Negativ fiel mir auf: die schon öfters bemängelte (Billigst)Blumenerde-Empfehlung - im Jahr 2011 müßte die Torfproblematik eigentlich hinreichend bekannt sein, abgesehen davon braucht kaum ein Gemüse sauren Torfboden.
Auch wurde beim Thema "Bodenverbesserung" vergessen, daß es nicht nur Probleme mit schweren Böden gibt, sondern daß sandige Böden im Hochbeet vielleicht noch schneller austrocknen. Darauf wurde nicht eingegangen.
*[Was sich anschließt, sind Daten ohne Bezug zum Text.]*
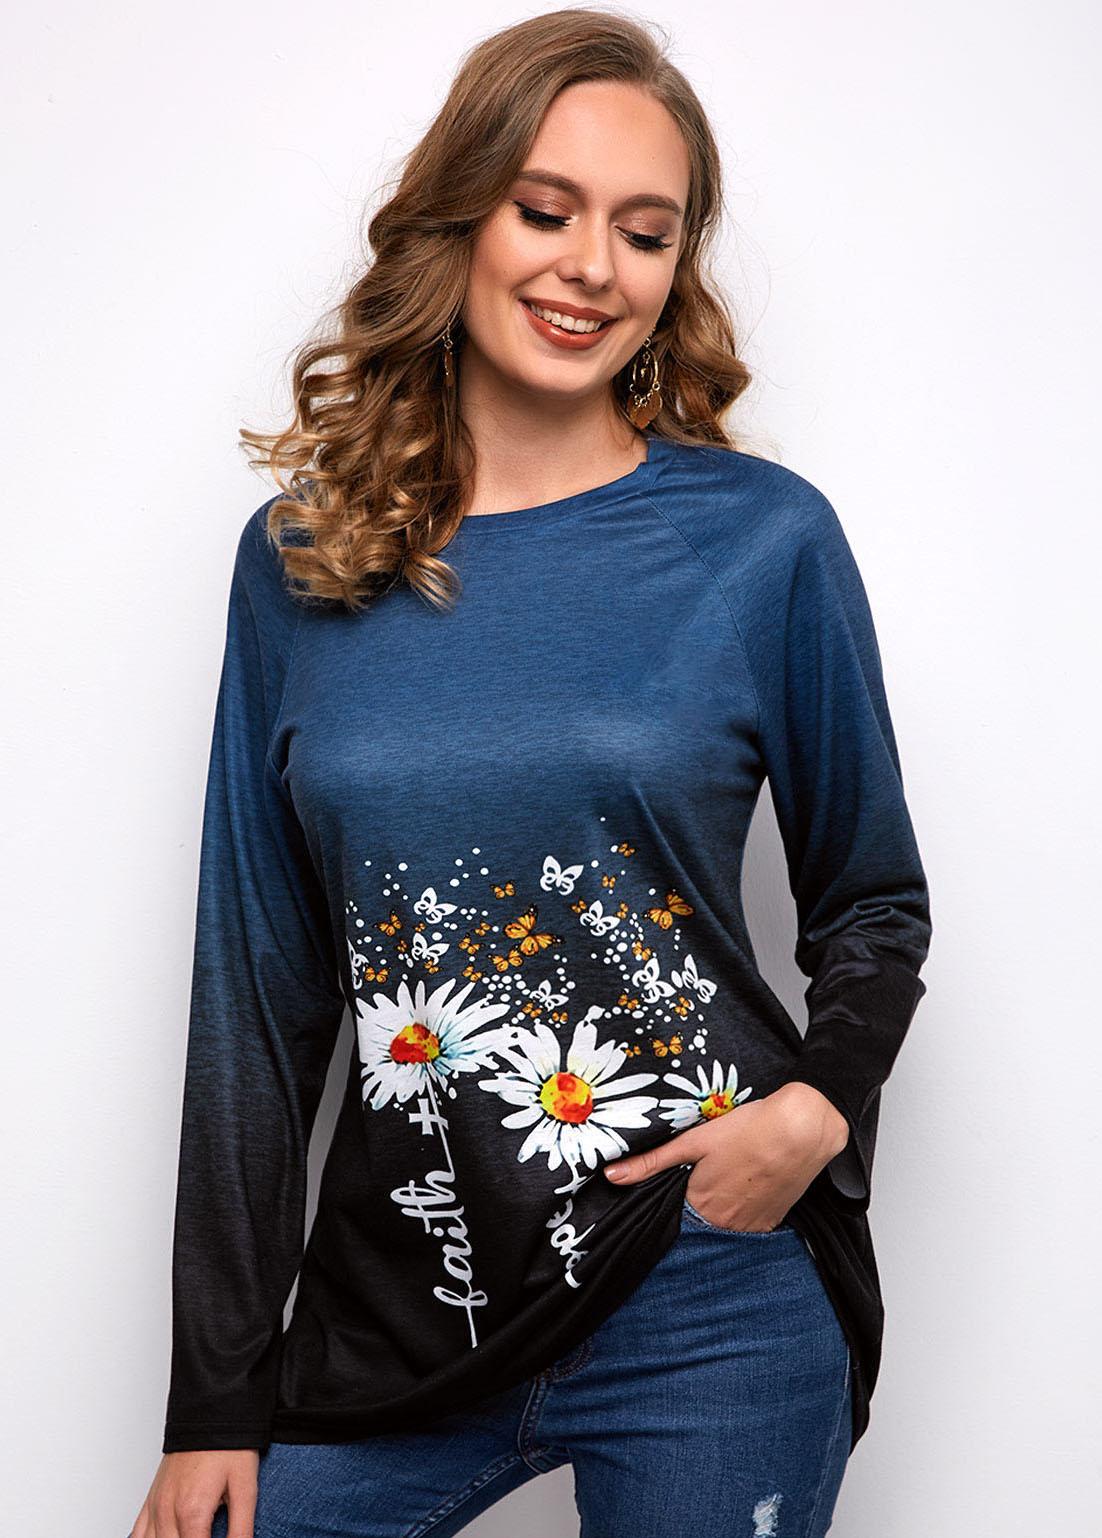 Daisy Print Round Neck Long Sleeve T Shirt

Ansonsten ist in diesem Buch für den Neueinsteiger alles drin, was er braucht, um gleich loszulegen - Fruchtfolge, empfohlene Gemüsesorten mit Pflegehinweisen und sogar einem Rezept je Sorte. Spart das Nachschlagen in verschiedenen Büchern.
Wer sich damit schon auskennt, findet natürlich außer der Bauanleitung wenig Neues.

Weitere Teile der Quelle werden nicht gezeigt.